Information provided:

..........

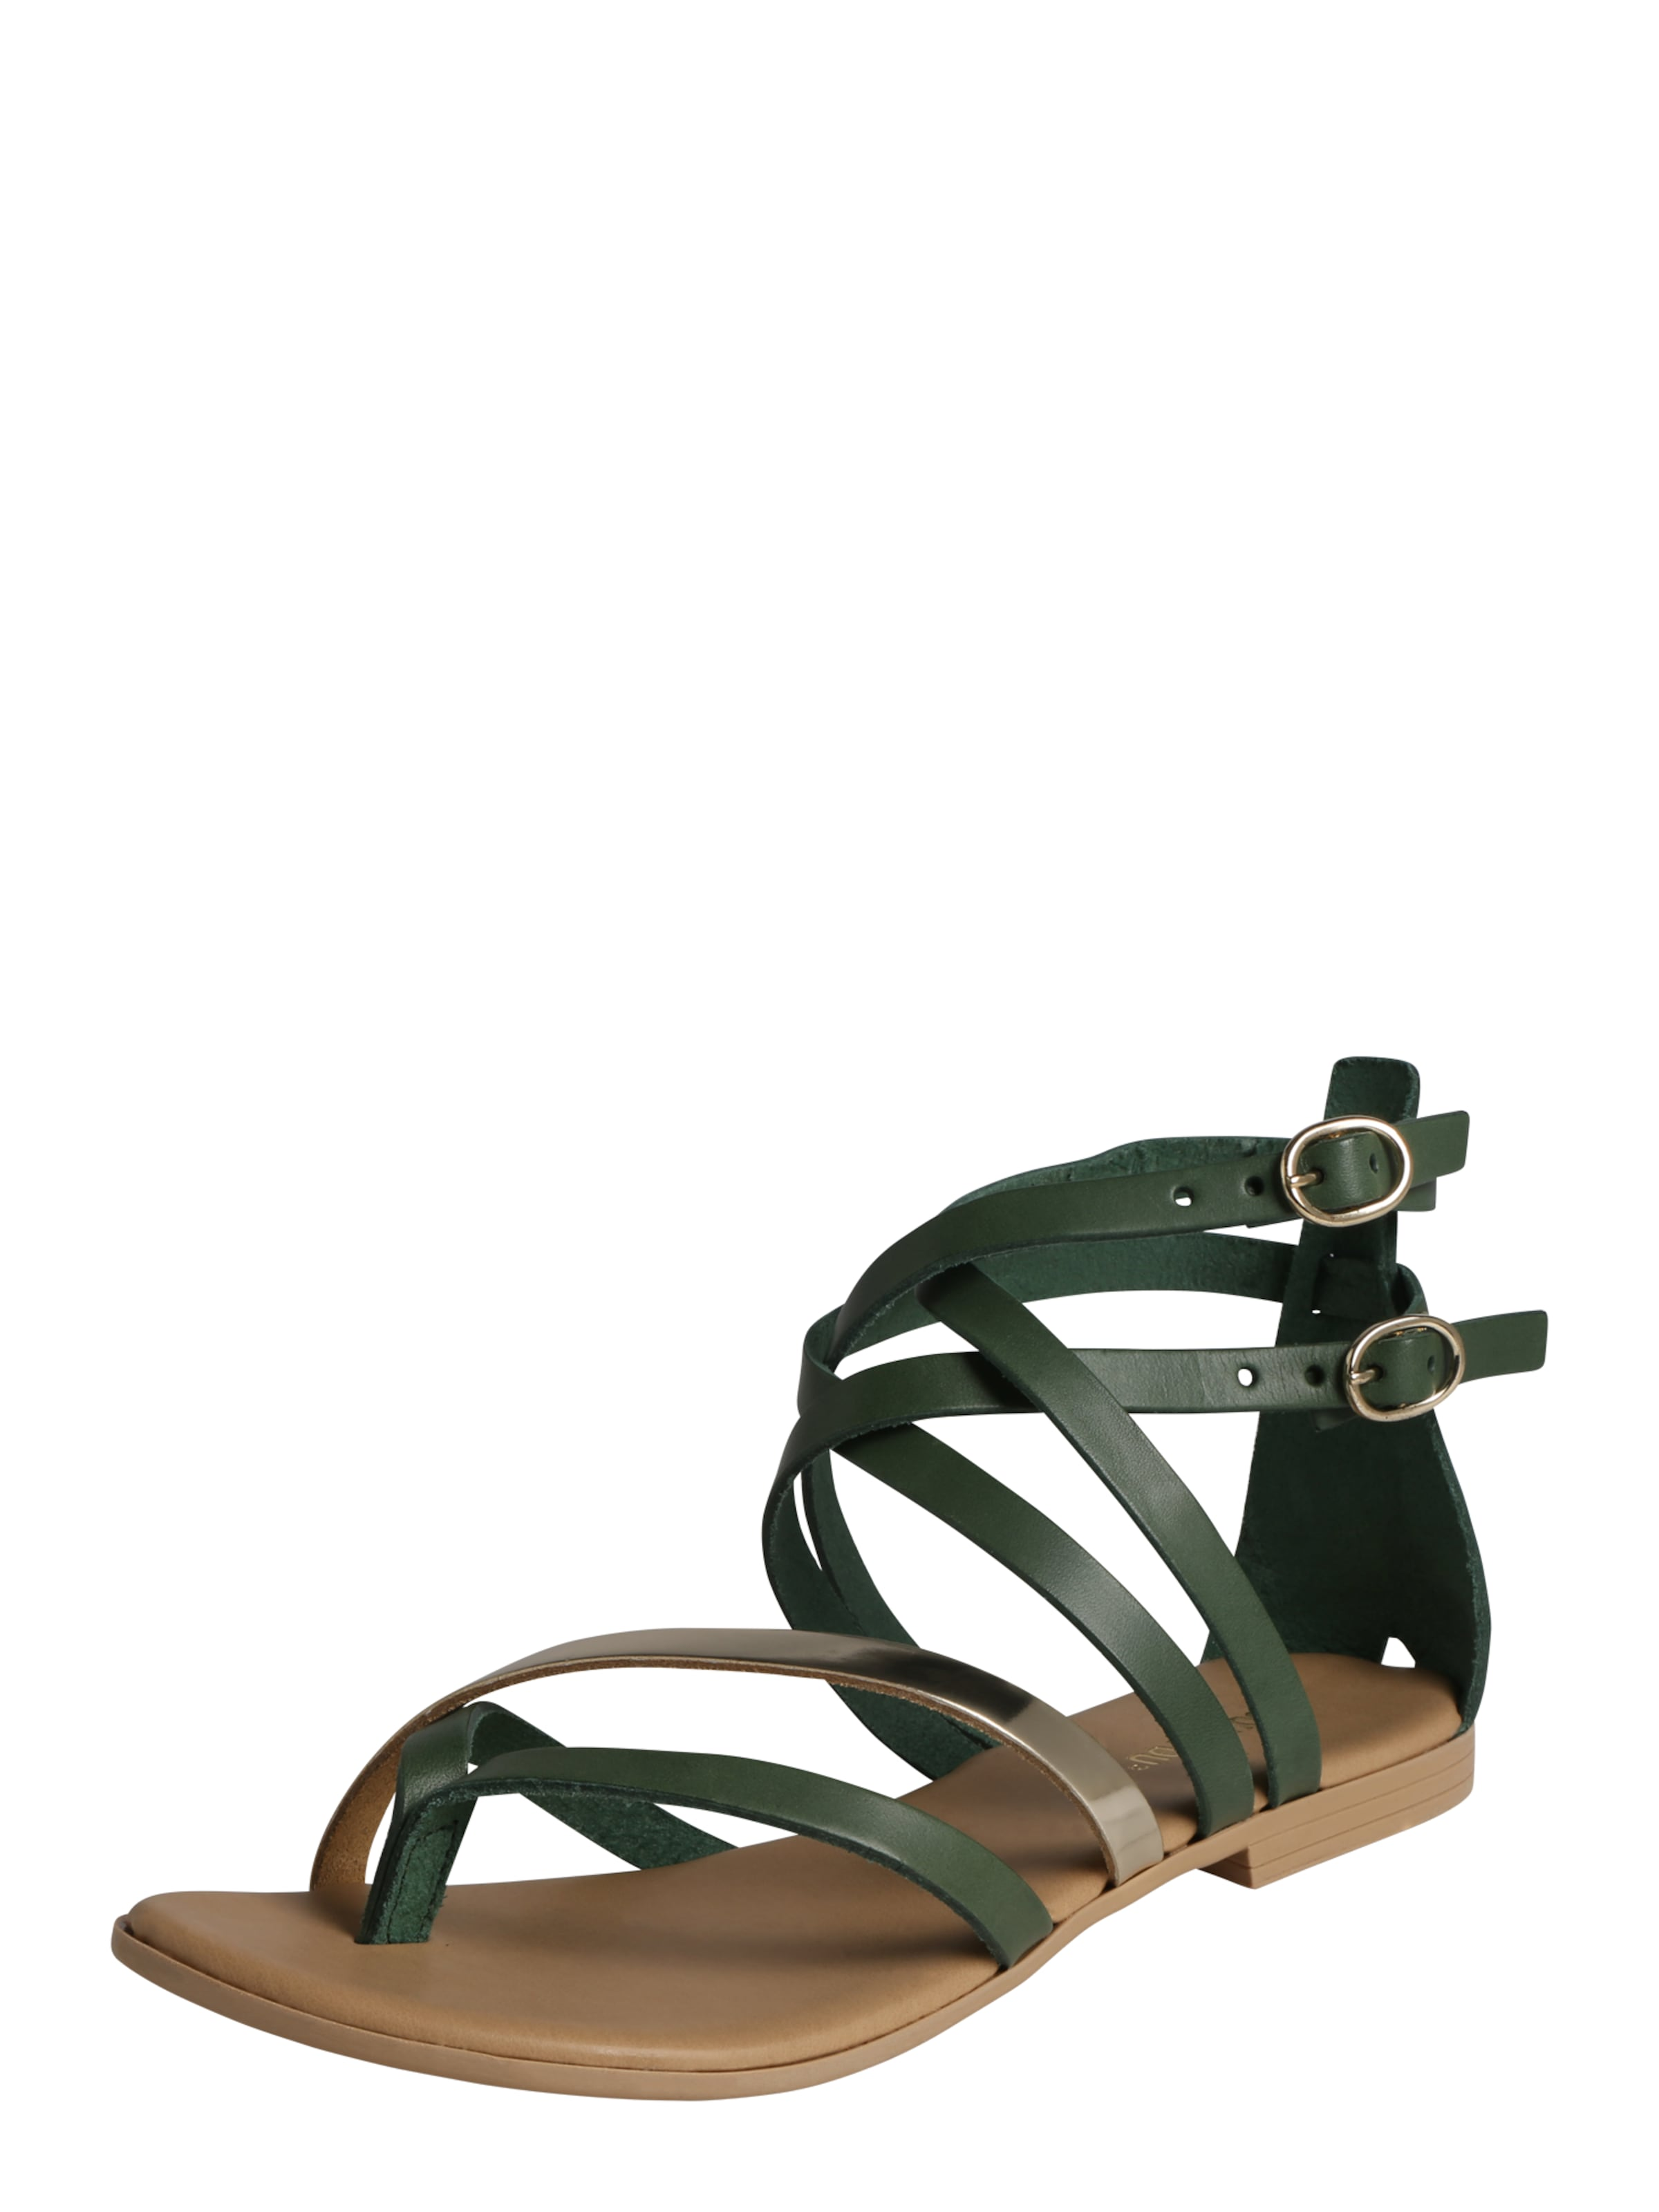 Haltbare Mode billige Schuhe Zehentrennersandale 'SUSANNA' Schuhe Gut getragene Schuhe
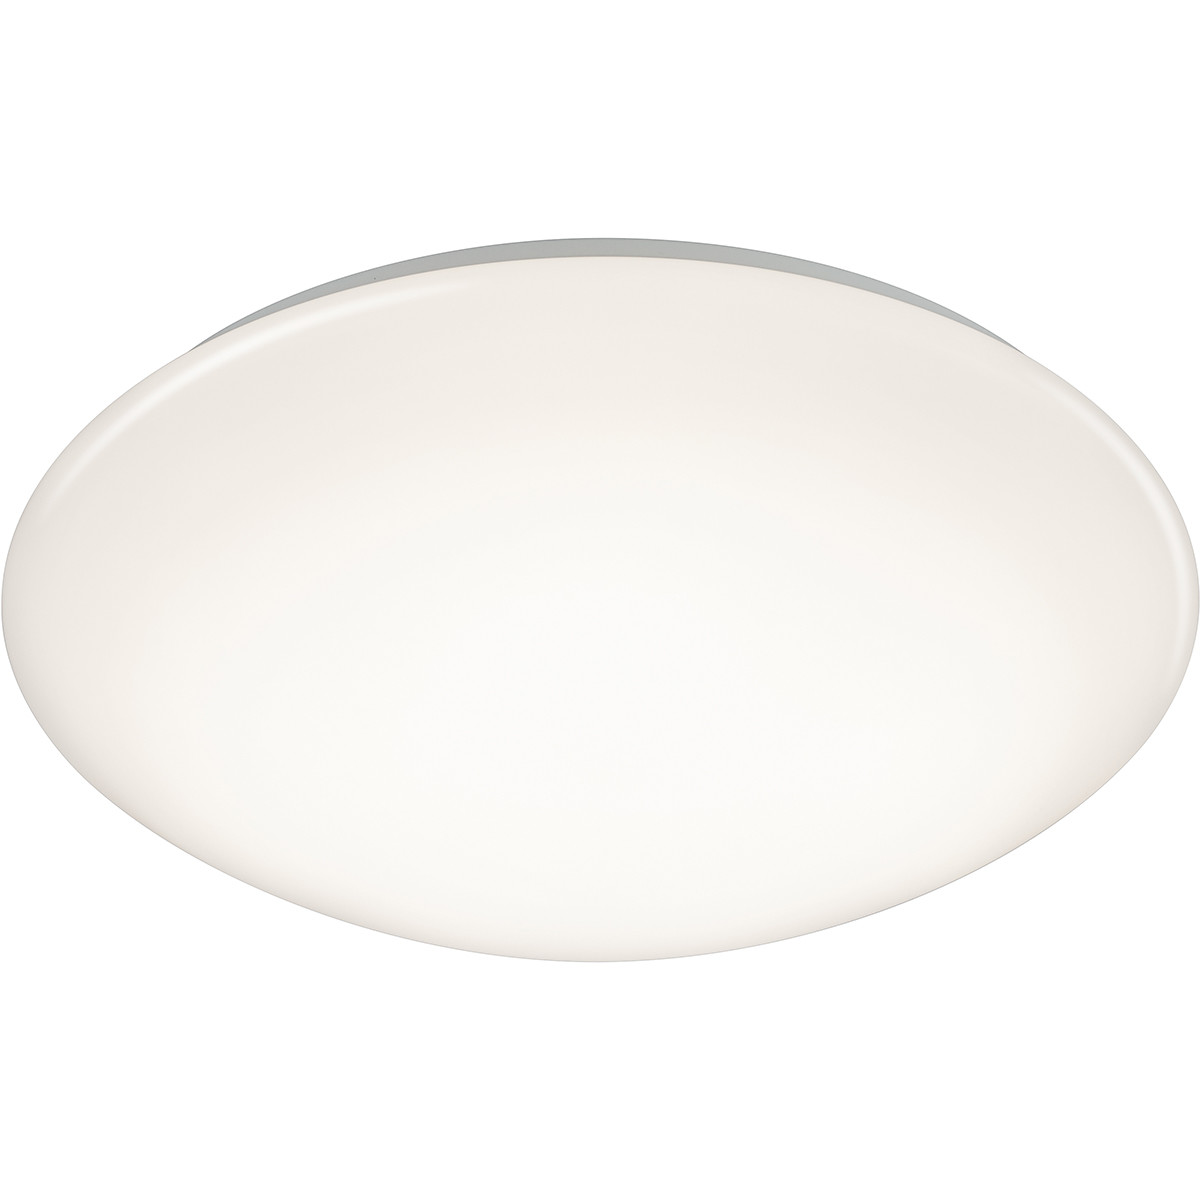 LED Plafondlamp - Trion Luka - 18W - Aanpasbare Kleur - Dimbaar - Afstandsbediening - Rond - Mat Wit
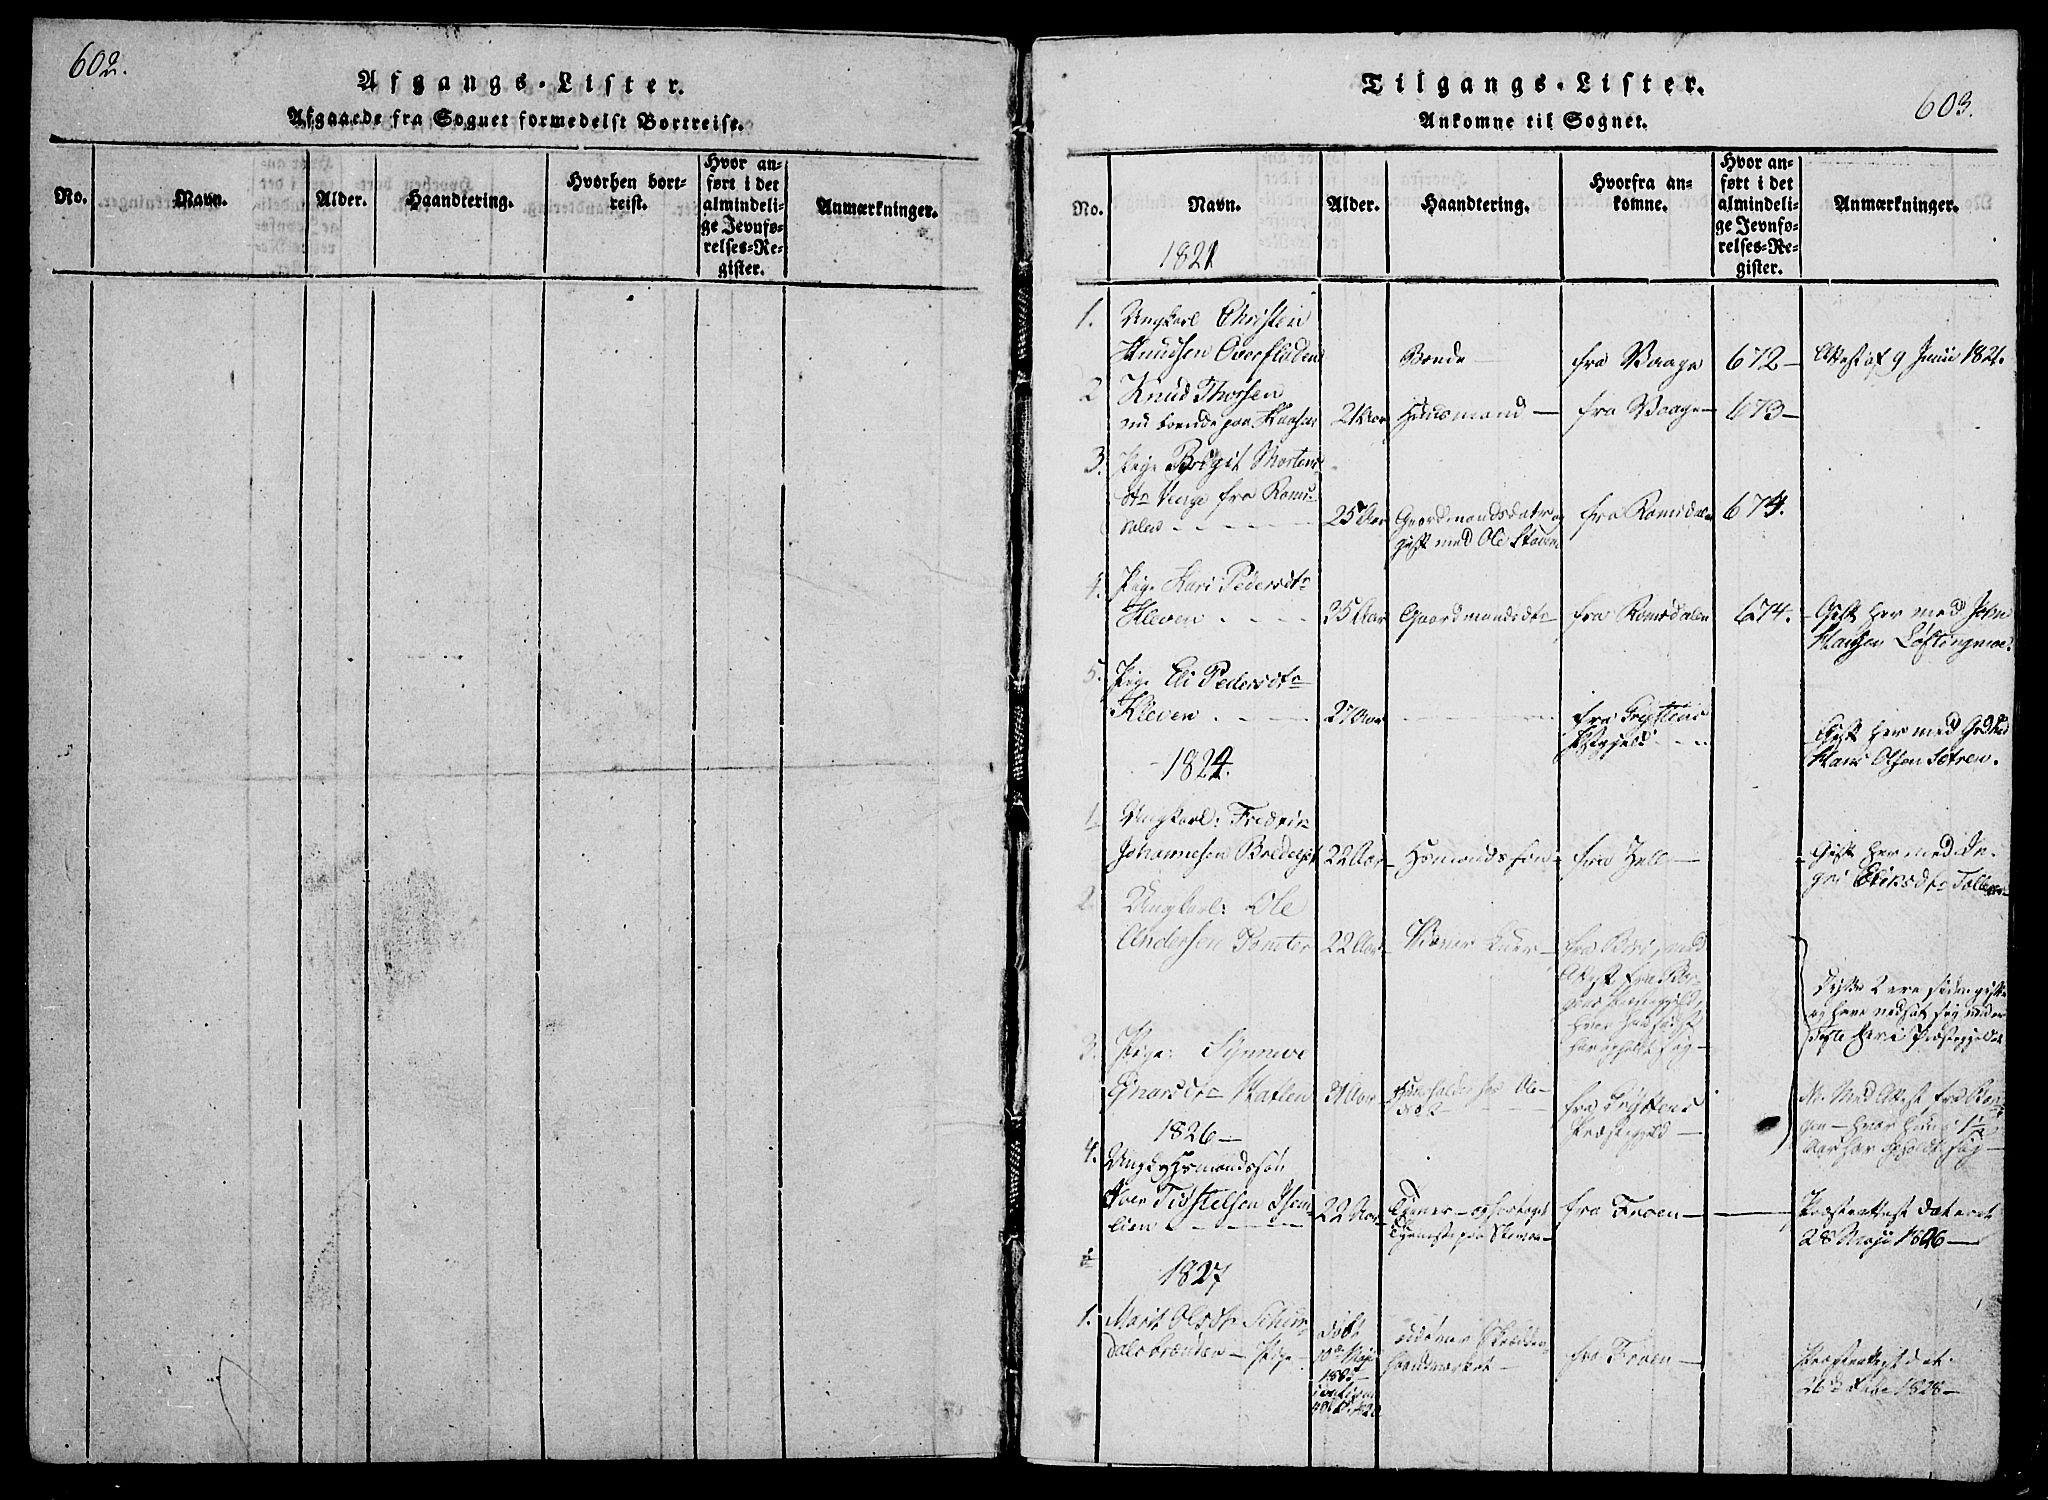 SAH, Lesja prestekontor, Ministerialbok nr. 4, 1820-1829, s. 602-603

..........

Instructions for the task:
I would like the data above transcribed exactly, with its pictures left out.

Task answer:
 Haltbare Mode billige Schuhe Zehentrennersandale 'SUSANNA' Schuhe Gut getragene Schuhe
 LED Plafondlamp - Trion Luka - 18W - Aanpasbare Kleur - Dimbaar - Afstandsbediening - Rond - Mat Wit
 SAH, Lesja prestekontor, Ministerialbok nr. 4, 1820-1829, s. 602-603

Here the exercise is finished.